(DATA EXCERPT)
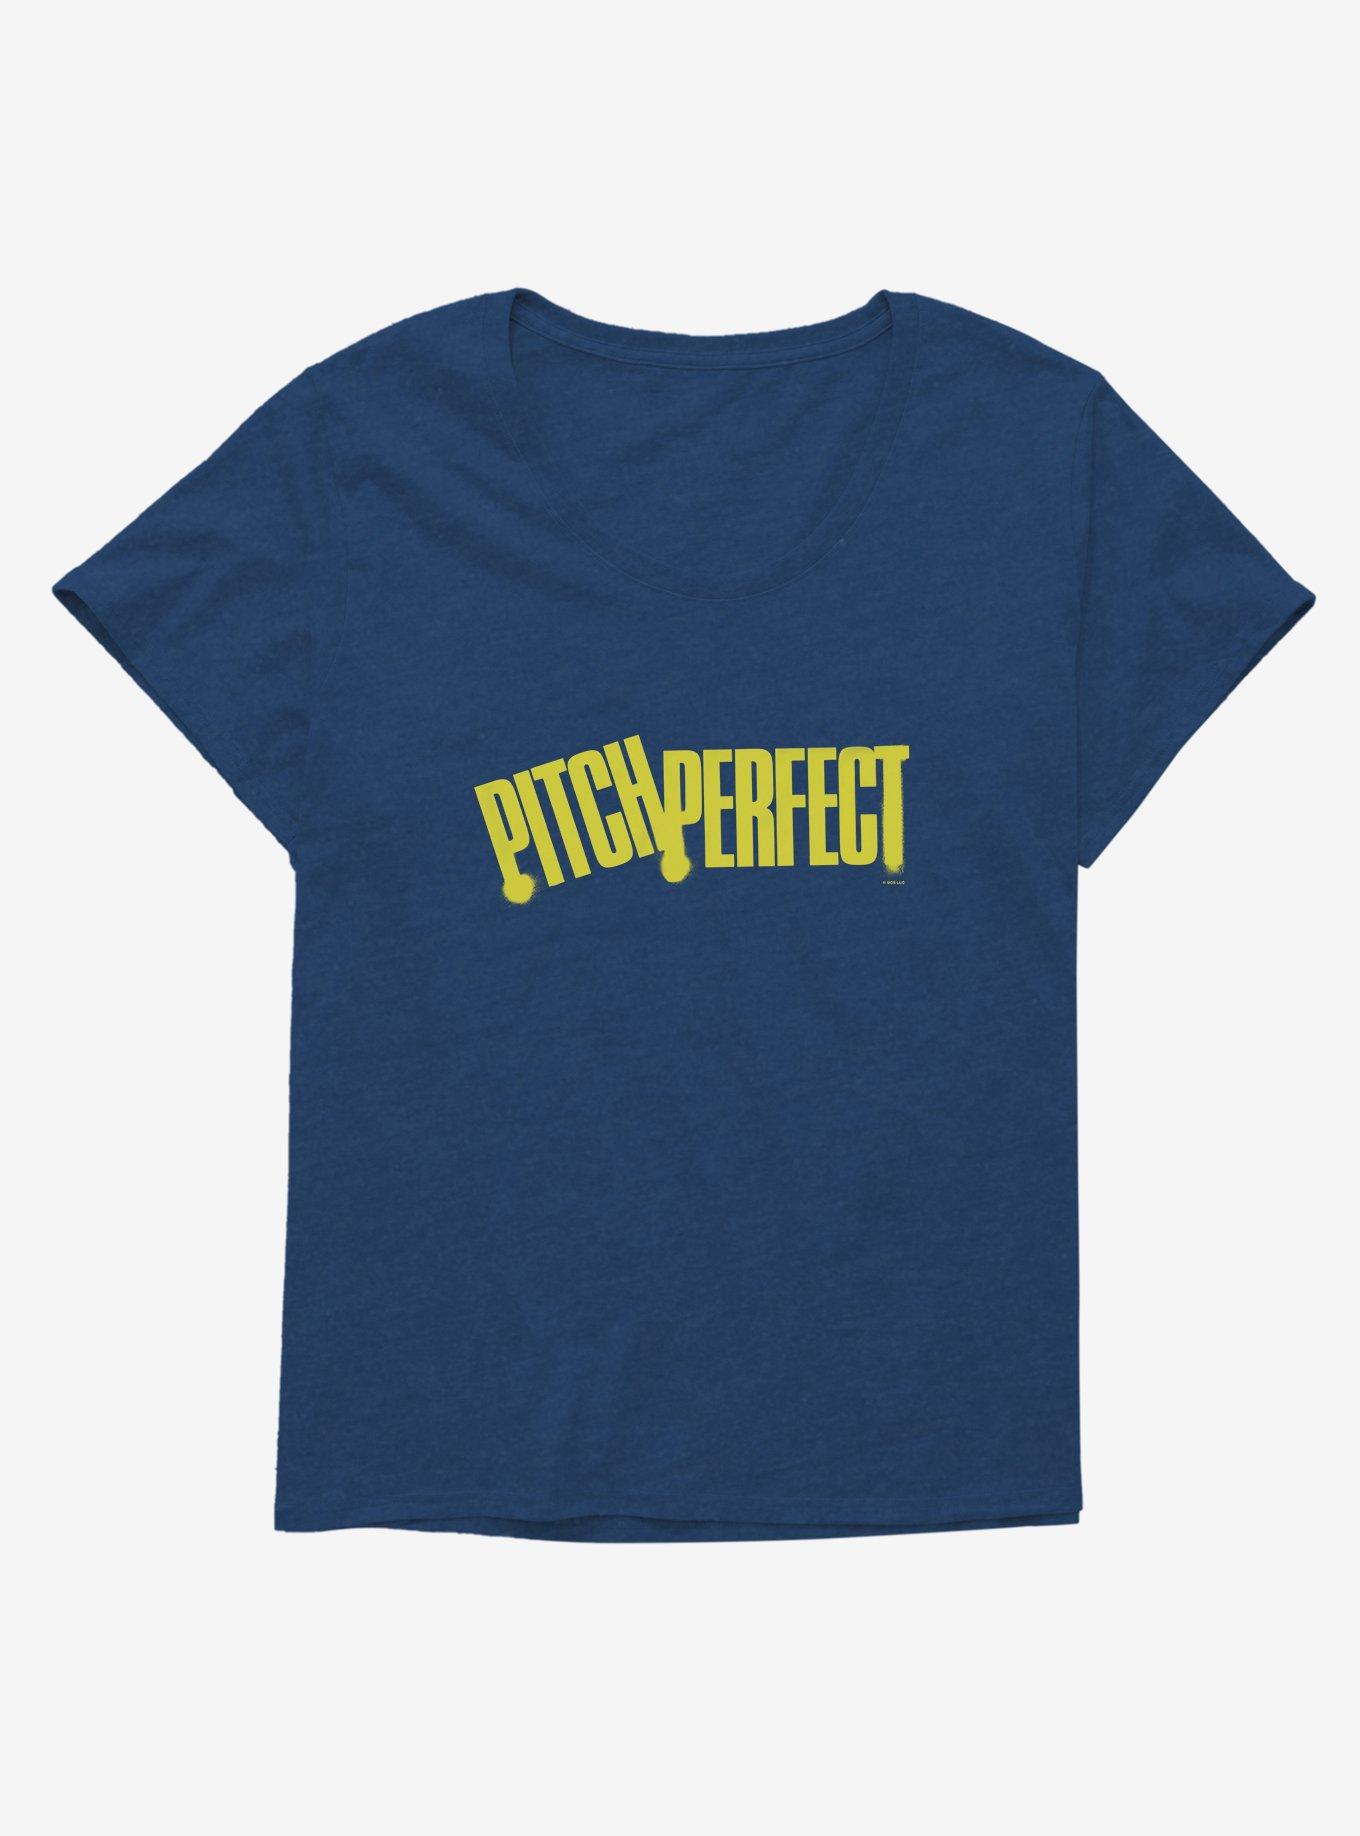 Pitch Perfect Logo Girls T-Shirt Plus
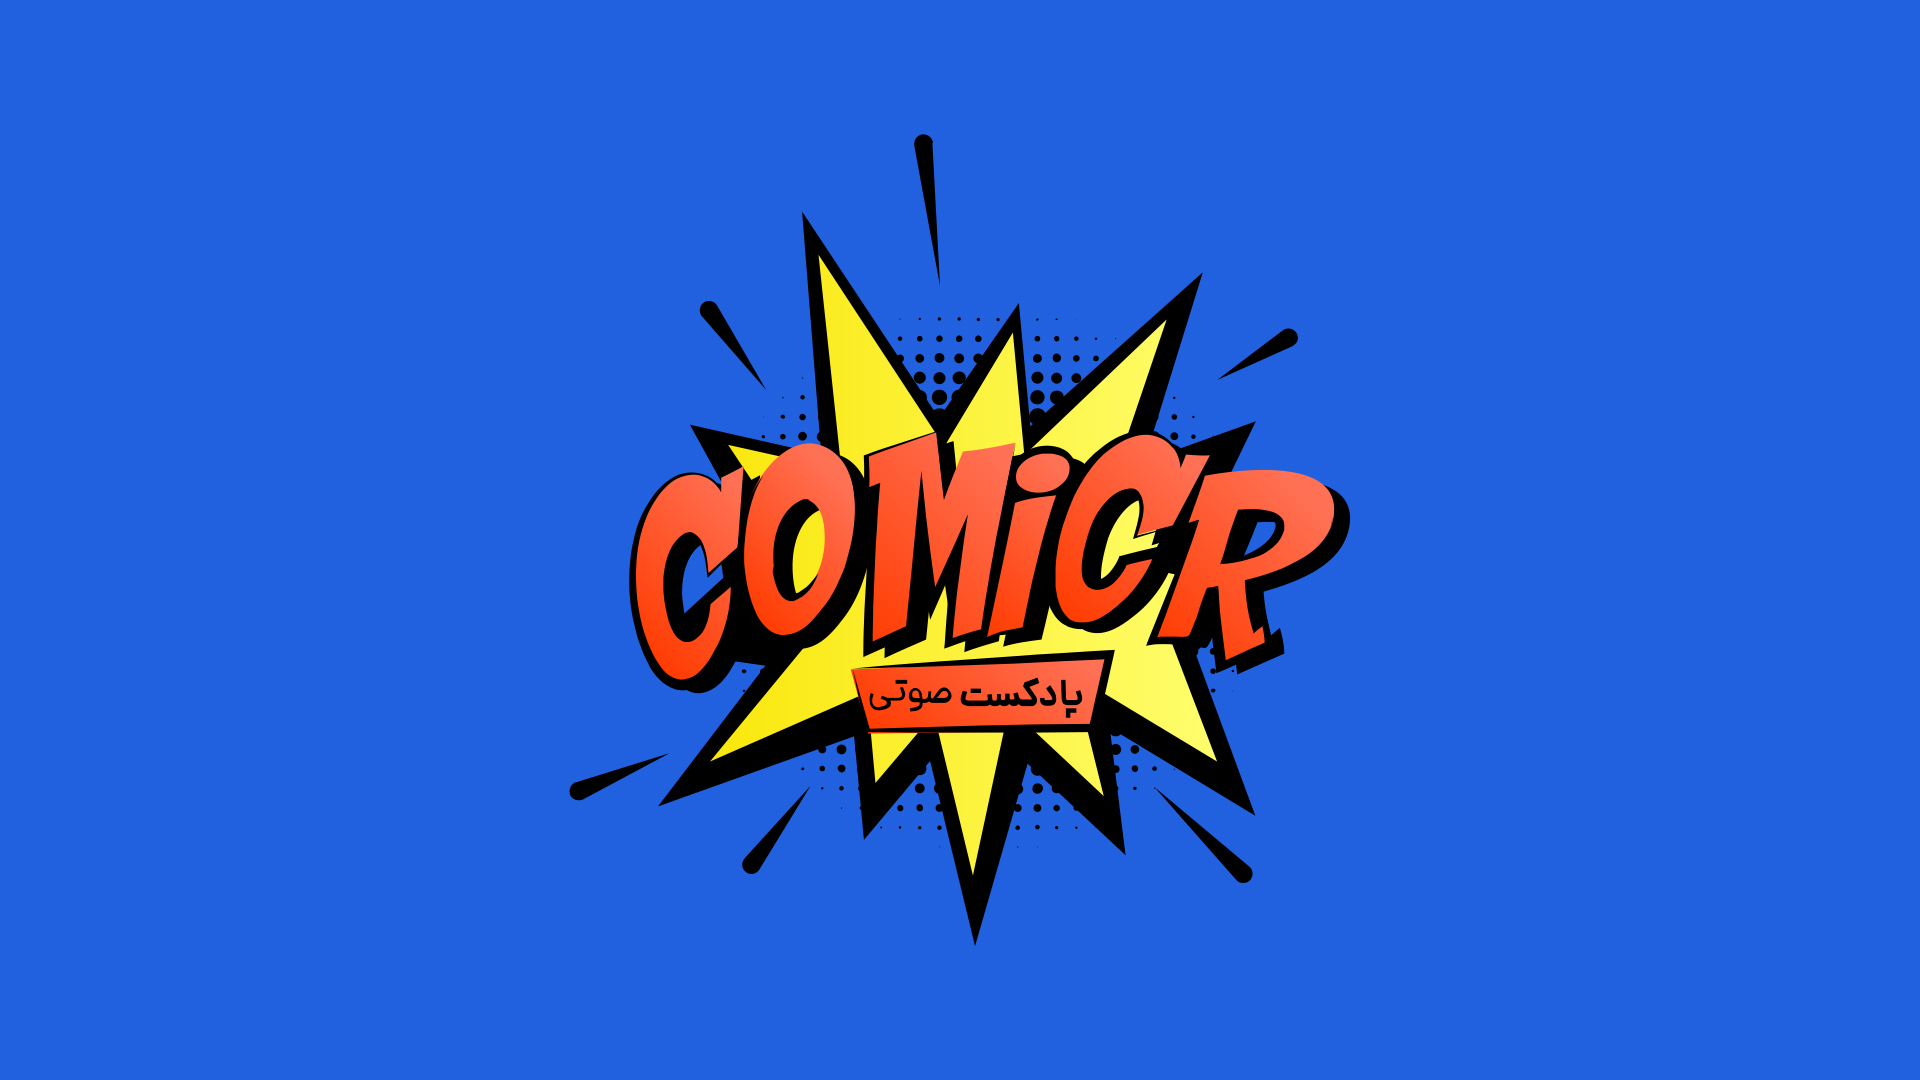 کمیکر - سرگرمی تی وی | ComicR - ME TV
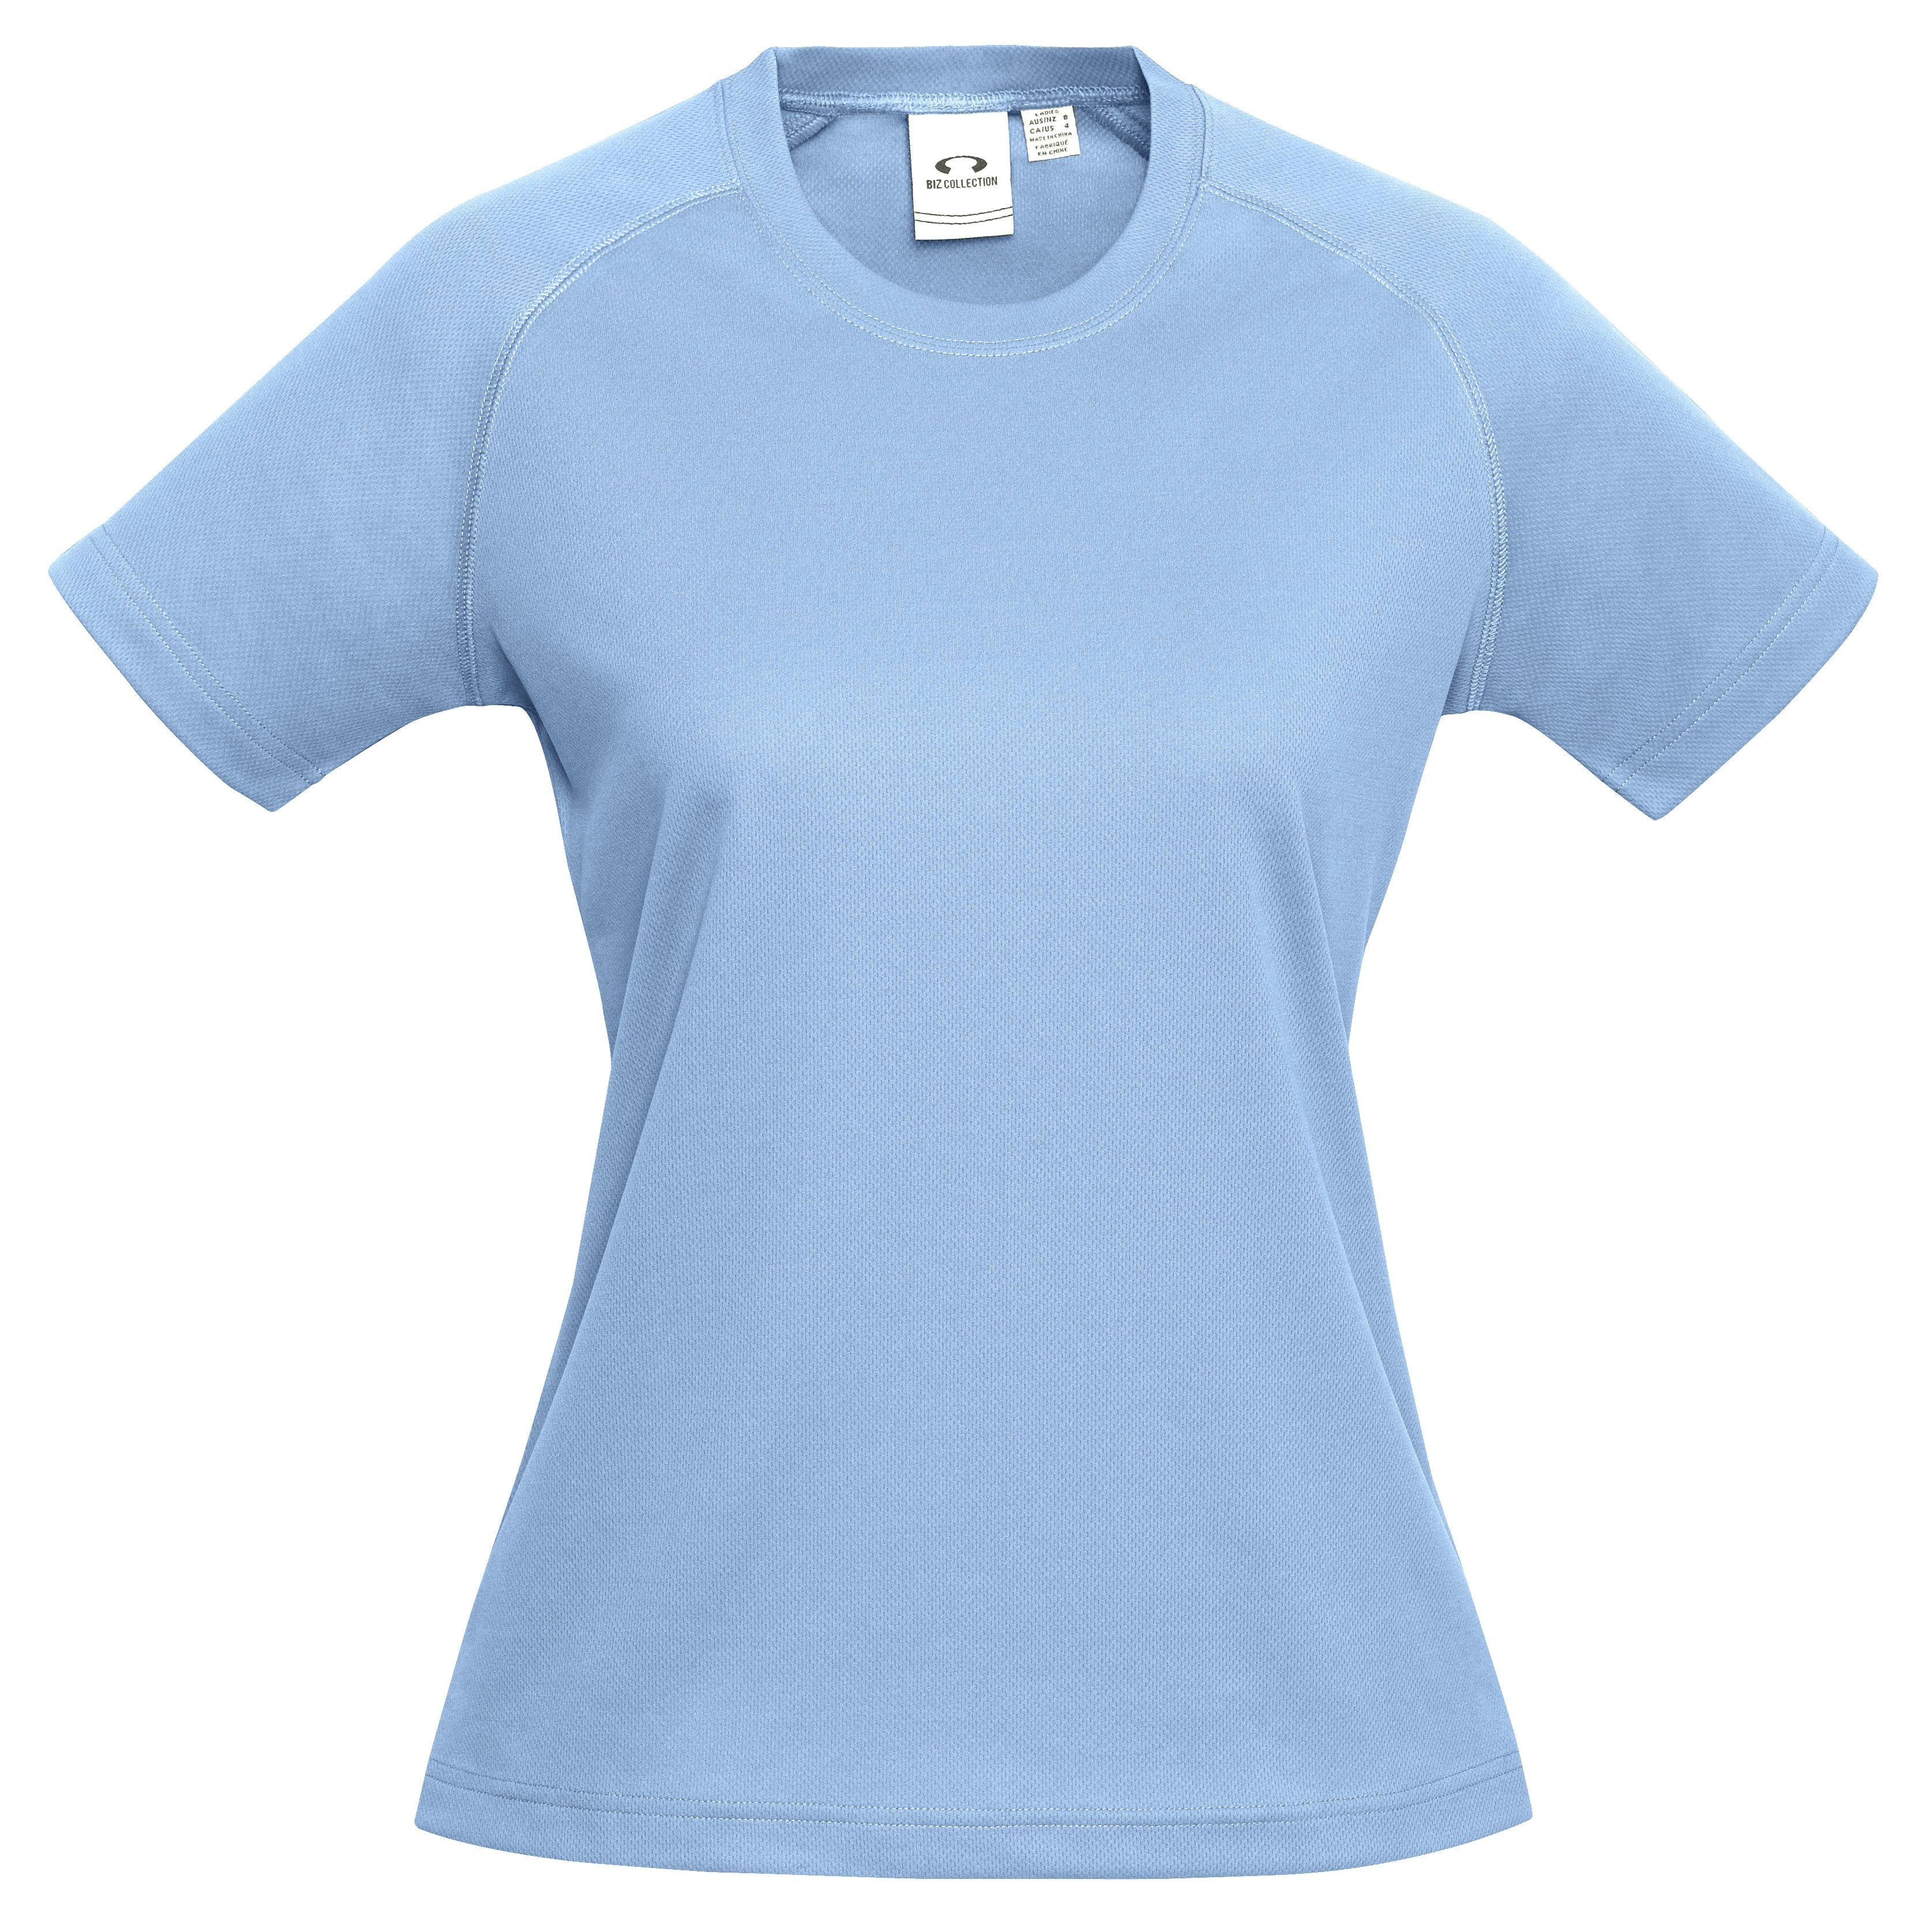 Ladies Sprint T-Shirt - Navy Only-L-Light Blue-LB
(End DATA EXCERPT)
Give the data above again in full and unchanged, skipping the pictures.

 Pitch Perfect Logo Girls T-Shirt Plus
 کمیکر - سرگرمی تی وی | ComicR - ME TV
 Ladies Sprint T-Shirt - Navy Only-L-Light Blue-LB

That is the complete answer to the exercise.